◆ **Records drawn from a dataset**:

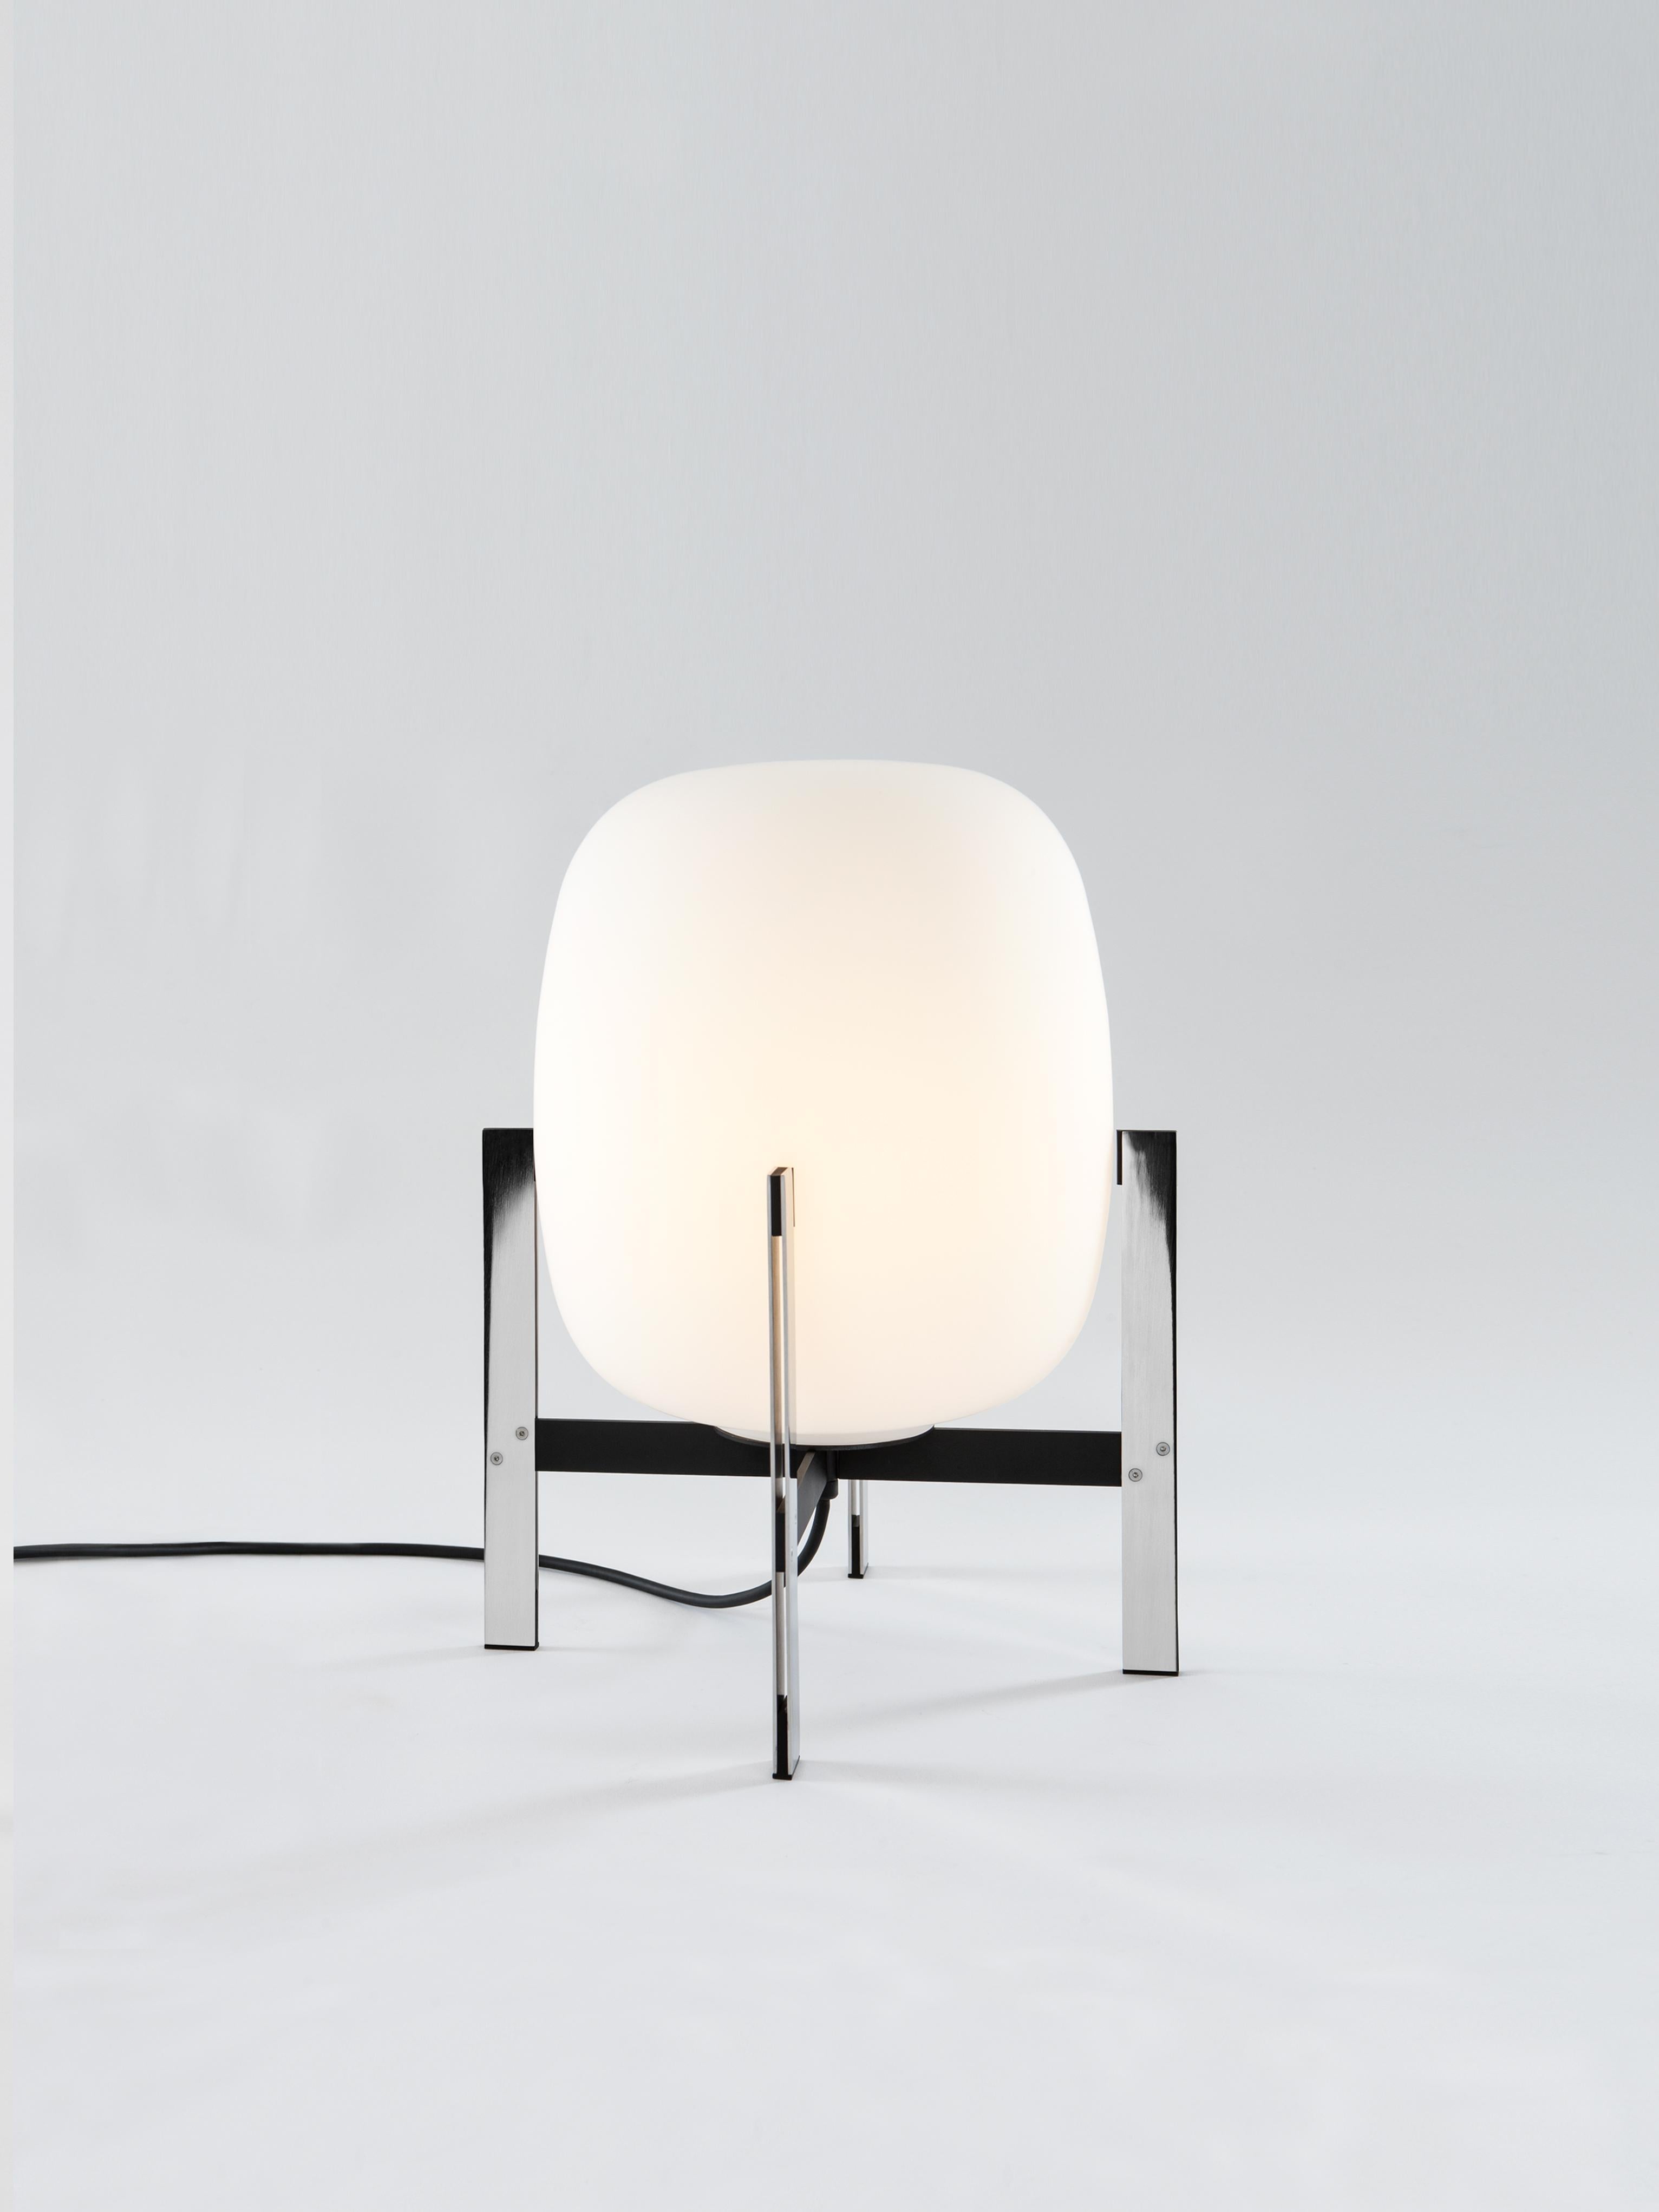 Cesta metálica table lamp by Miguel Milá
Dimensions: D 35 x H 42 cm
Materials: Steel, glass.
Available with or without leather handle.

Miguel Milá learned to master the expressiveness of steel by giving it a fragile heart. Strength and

◆ **THE PROBLEM**: Each line from the one containing "Available with or without leather handle." through the final line of the records must be repeated exactly, with no line added or dropped.

◆ **REPLY**:
Available with or without leather handle.

Miguel Milá learned to master the expressiveness of steel by giving it a fragile heart. Strength and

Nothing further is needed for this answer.